In this light, it is more than logical for plaintiffs to assert that the Clovis Defendants acted in the hope that positive results would overtake negative ones (see ECF No. 120 at 100, 104) because, based upon the Clovis Defendants' own contentions, this is precisely what they did. The problem is that their interpretation of RECIST is simply wrong. Whether the Clovis Defendants knew this or acted recklessly will be a matter for later resolution, but as of now, either level of scienter has been sufficiently pled, and that plaintiffs' alleged motive satisfies Tellabs.
The Clovis Defendants next argue that, irrespective of all of the foregoing, defendant Ivers-Read should be dismissed from this action because the Consolidated Complaint does not allege that she made any of the challenged statements, and thus, under Janus Capital Group, Inc. v. First Derivative Traders, 564 U.S. 135, 131 S.Ct. 2296 (2011), she is not liable for any of the same. (ECF No. 105 at 77.) In response, plaintiffs do not appear to contest that Ivers-Read did not make any of the challenged statements, but argue she is still liable because she had or shared "ultimate authority" over them. (ECF No. 120 at 104-105.) Plaintiffs assert that this is particularly the case here, given that Ivers-Read was Clovis' Chief Regulatory Officer, and the data disclosed in Clovis' regulatory submission contradicted statements made at conferences. (Id. at 105.)
The Court agrees with the Clovis Defendants that the Consolidated Complaint fails to allege that Ivers-Read had authority over the challenged statements. If one thing is evident from the Consolidated Complaint in this regard, it is the noticeable lack of allegations directed toward Ivers-Read. As far as the Court can discern, Ivers-Read is mentioned when the Consolidated Complaint introduces the parties (ECF No. 65 at ¶¶ 1, 41, 424), again when the Consolidated Complaint discusses Ivers-Read's sales of Clovis shares (id at ¶¶ 235-236), and that is about it. Contrary to plaintiffs' contention, nowhere in the Consolidated Complaint is it mentioned, or even suggested, that, due to Ivers-Read's position as Chief Regulatory Officer, she shared ultimate authority over all or any of the challenged statements. Moreover, the paragraphs to which plaintiffs cite to support that proposition (ECF No. 120 at 105 (citing ECF No. 65 at ¶¶ 135, 152-153)), do not mention Ivers-Read, and, more importantly, do not even pertain to any of the challenged statements.

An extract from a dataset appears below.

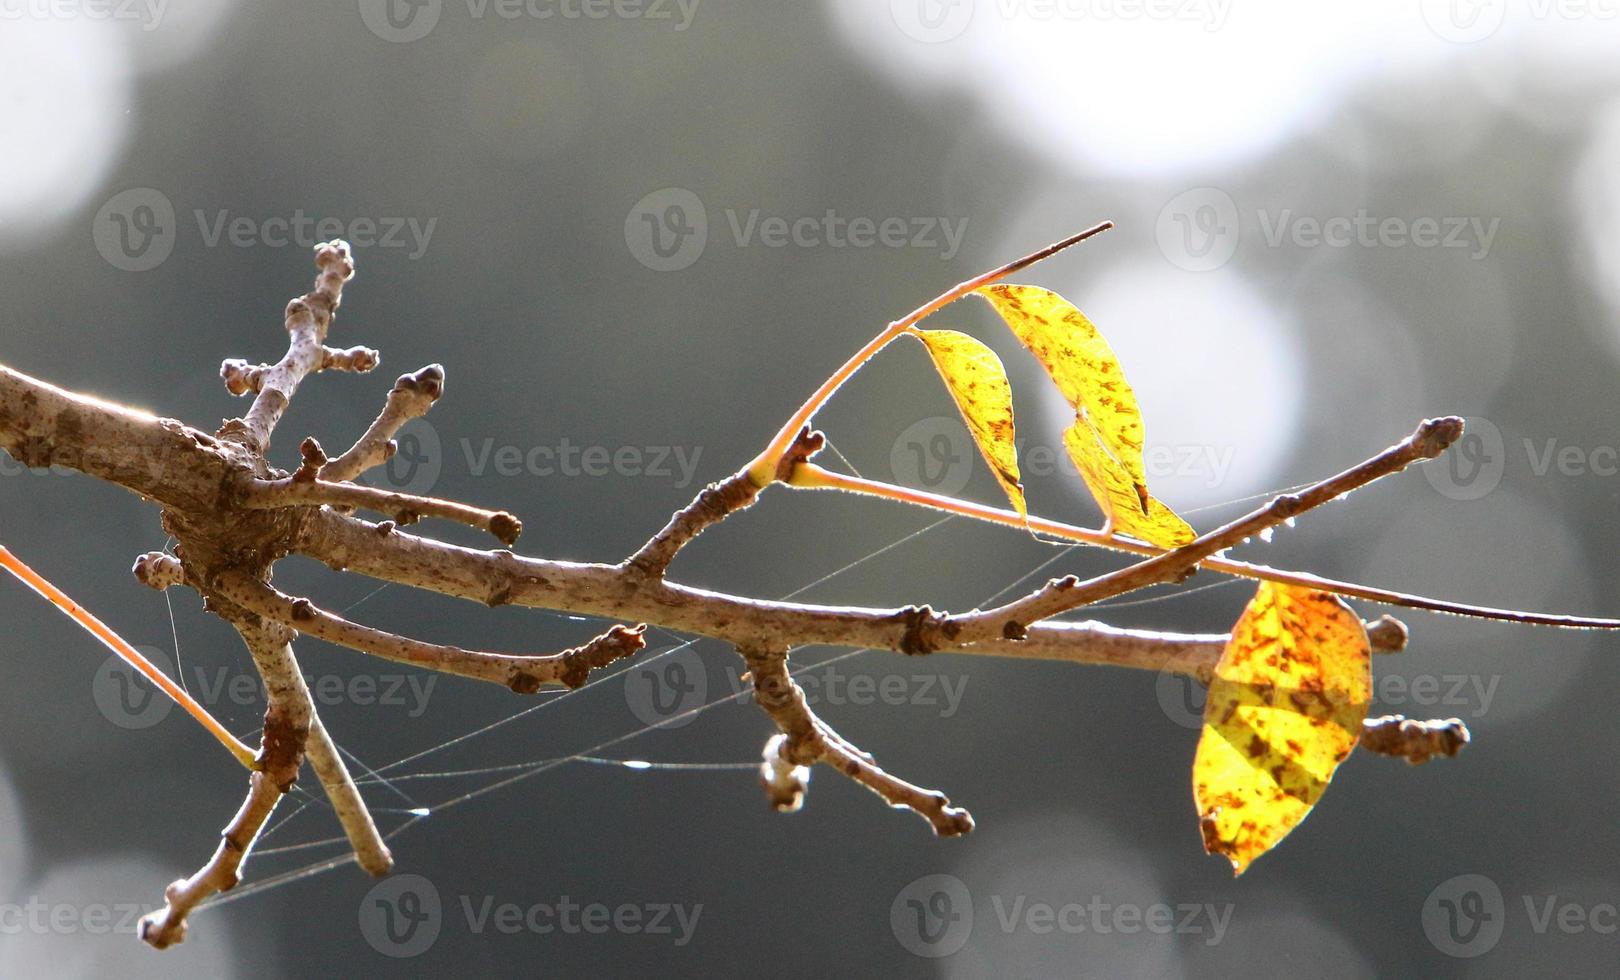 Spider webs - cobwebs on branches and leaves of trees in a city park. photo

As a result, the Court GRANTS the Clovis Defendants' motion to dismiss to the extent that Ivers-Read is DISMISSED from this case. However, except for certain statements that the Court has found to not be material, the Clovis Defendants' motion to dismiss is DENIED with respect to plaintiffs' Section 10(b) claims under the Exchange Act.
The Clovis Defendants argue that plaintiffs' Section 20(a) claims should be dismissed because plaintiffs have failed to establish a "primary violation" of the securities laws. (ECF No. 105 at 77.) The Clovis Defendants premise this argument on "all of the reasons stated above." (Id.) Because the Court has found that plaintiffs have sufficiently alleged a primary violation of the Exchange Act, though, this argument is rejected. As a result, the Clovis Defendants' motion to dismiss is DENIED with respect to plaintiffs' Section 20(a) claims under the Exchange Act.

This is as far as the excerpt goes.